上写真=ゴールを決めて歓喜の雄たけびを上げる旗手怜央(写真◎J.LEAGUE)
■2021年3月21日 明治安田生命J1リーグ第6節(@埼スタ/観衆4,679人)
浦和 0-5 川崎F
得点:(川)小林悠2、レアンドロ・ダミアン、旗手怜央、脇坂泰斗
「これだけ連続で出たことはない」
川崎Fが2点リードで迎えた51分だった。後方から勢いよく相手のセンターバックとサイドバックの間にすっと入り込んだ。絶妙のタイミングでジョアン・シミッチからスルーパスを呼び込むと、ピタリと止めて右足でゴールに流し込んだ。冷静に股を抜く技ありの一発。シュートに至るまでの動き、そしてフィニッシュの精度は、いわゆる左サイドバックのそれではない。昨季までFWとして活躍してきた旗手の真骨頂だ。
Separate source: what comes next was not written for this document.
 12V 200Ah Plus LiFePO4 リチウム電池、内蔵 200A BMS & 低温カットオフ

「ジョアンがいいボールを出してくれた。相手のセンターバックがプレッシャーに来ているのが分かったので、速いボールで股を抜こうと思った」
本人に特別な仕事をしている感覚はなかった。左サイドバックながら中盤の中央で組み立てに参加することもあれば、攻撃で逆サイドまで出張することもある。目が向いているのはゴールだ。すでに2得点を記録。開幕から7試合で、6試合に先発フル出場。うち1試合も89分出場と、ほとんど休みなしで働いている。さすがに浦和戦の試合後は、ピッチでぐったりしていた。
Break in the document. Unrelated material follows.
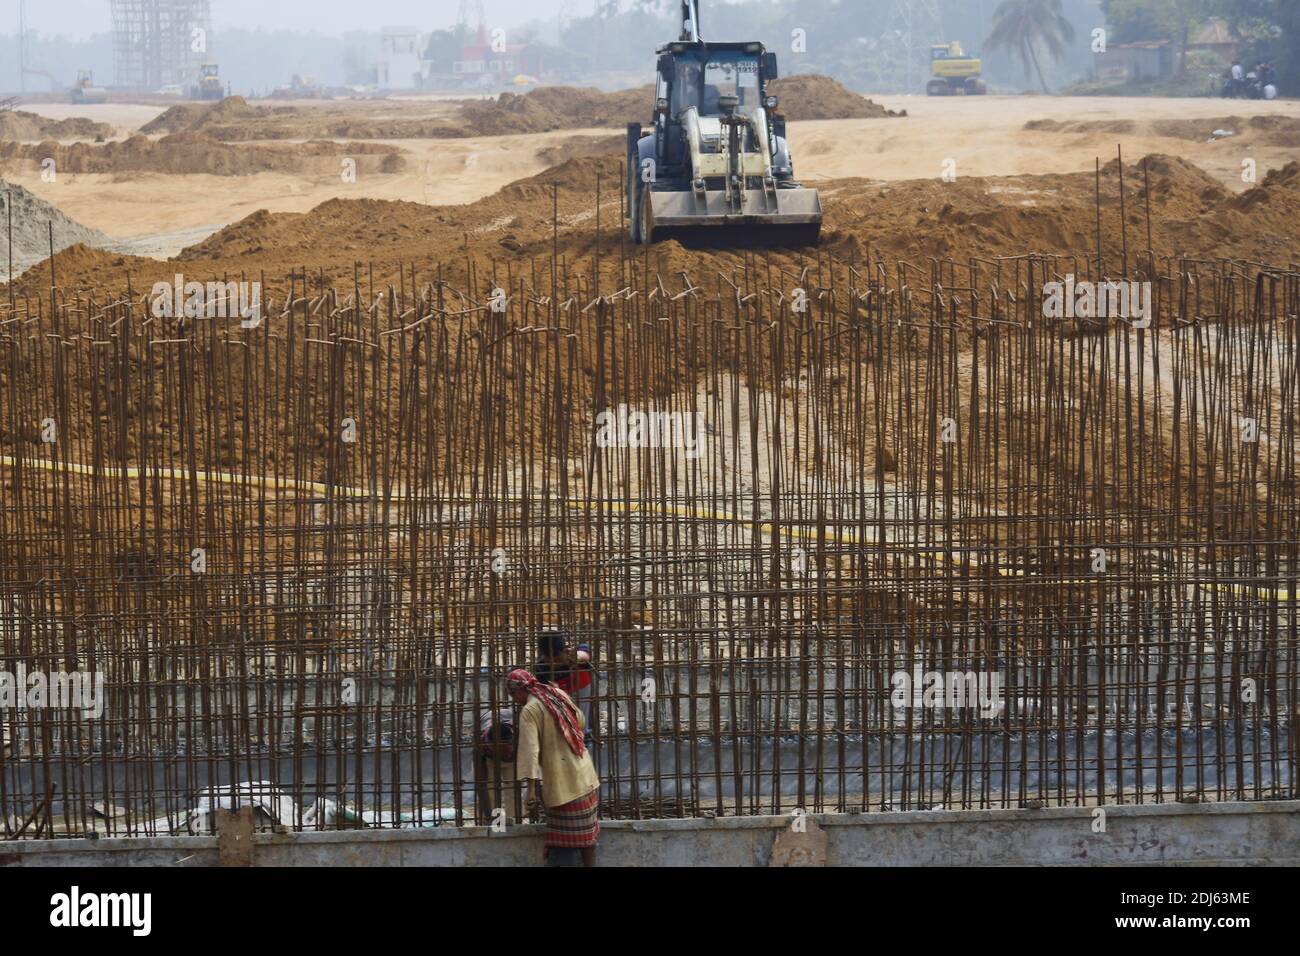 Verlegung von Gleisen und anderen damit verbundenen Bauarbeiten in vollem Gange in Nischintapur, in den Peripherien der Stadt Agartala gelegen. Ein weiteres großes Eisenbahnprojekt, das Indien und Bangladesch durch Tripura verbindet, steht an der Schwelle zur Fertigstellung. Agartala, Tripura, Indien. Stockfoto

「これだけ連続で試合に出たことはない。体はきつかったけど、やりきった感はある」
リーグは中断期間に入るが、旗手に休みはない。U-24日本代表に選出されており、東京五輪本大会のメンバー入りをかけてU-24アルゼンチン代表との試合に臨む。これまで五輪世代の年代別代表では主にシャドー(トップ下)でプレーすることが多かったものの、今回は果たしてどのポジションで起用されるのか。
本人は具体的なことには言及せず、気持ちを高ぶらせていた。
「ここまでやってきたことをやるだけ。自分がやれるプレーを100パーセントでやる」
代表戦でもしっかりアピールして、成長した姿を見せつけるつもりだ。